Exercise requirements>
From the first line to the last, copy the data exactly.

Given information>
##############################
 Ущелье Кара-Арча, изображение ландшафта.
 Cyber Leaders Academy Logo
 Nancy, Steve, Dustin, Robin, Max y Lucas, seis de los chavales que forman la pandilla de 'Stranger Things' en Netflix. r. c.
##############################
Response area>
 Ущелье Кара-Арча, изображение ландшафта.
 Cyber Leaders Academy Logo
 Nancy, Steve, Dustin, Robin, Max y Lucas, seis de los chavales que forman la pandilla de 'Stranger Things' en Netflix. r. c.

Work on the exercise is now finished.